Achieved oxygen saturations and retinopathy of prematurity in extreme preterms

Arch Dis Child Fetal Neonatal Ed. 2020 Mar;105(2):138-144. doi: 10.1136/archdischild-2018-316464. Epub 2019 Jun 22.

Abstract

Objective: To identify achieved oxygen saturations (SpO2) associated with increased risk of severe retinopathy of prematurity (ROP).

Design: This is a secondary analysis of the Surfactant Positive Airway Pressure and Pulse Oximetry Trial (SUPPORT)randomised controlled trial. SpO2 was recorded up to 36 weeks' postmenstrual age.

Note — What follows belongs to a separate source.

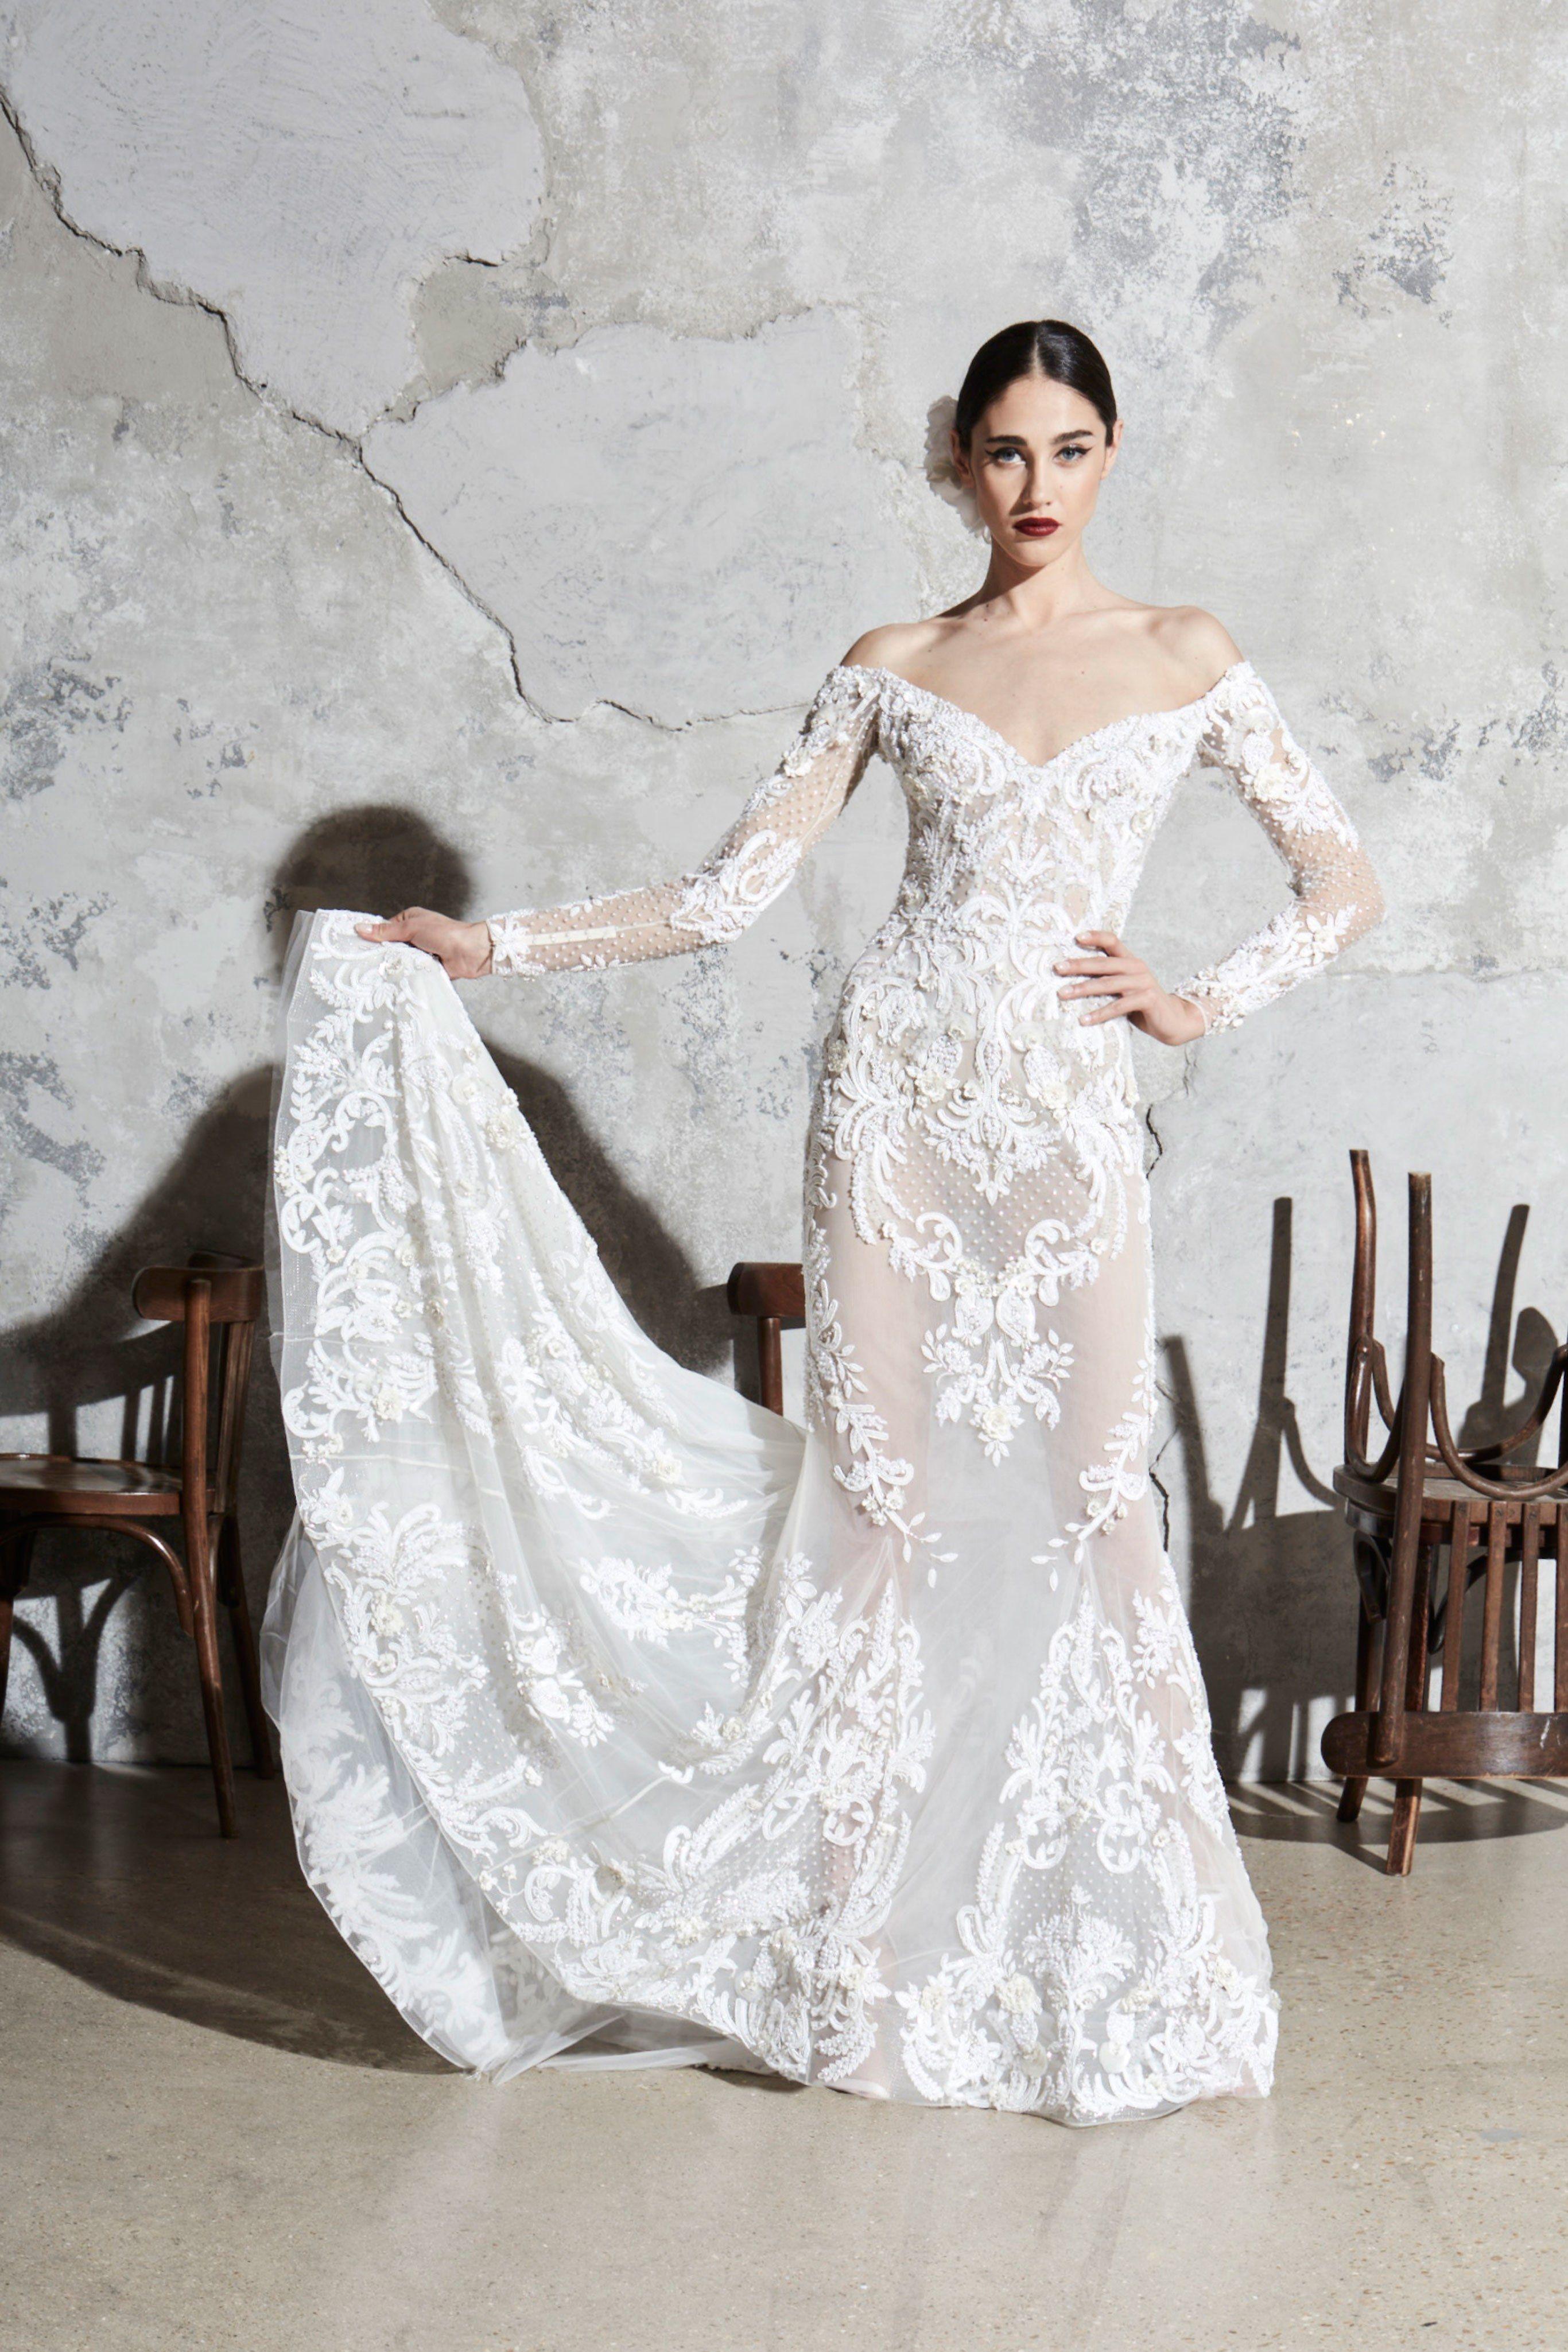 Zuhair Murad Bridal Spring 2020 Fashion Show Zuhair Murad Bridal Wedding Dresses Beaded Zuhair Murad Dresses

Saturations through 9 postnatal weeks were explored graphically, and logistic regression models were created to predict severe ROP.

Setting: 20 centres of the Eunice Kennedy Shriver National Institute of Child Health and Human Development Neonatal Research Network.

Patients: 984 surviving infants of 24-27 weeks' gestational age born in 2005-2009.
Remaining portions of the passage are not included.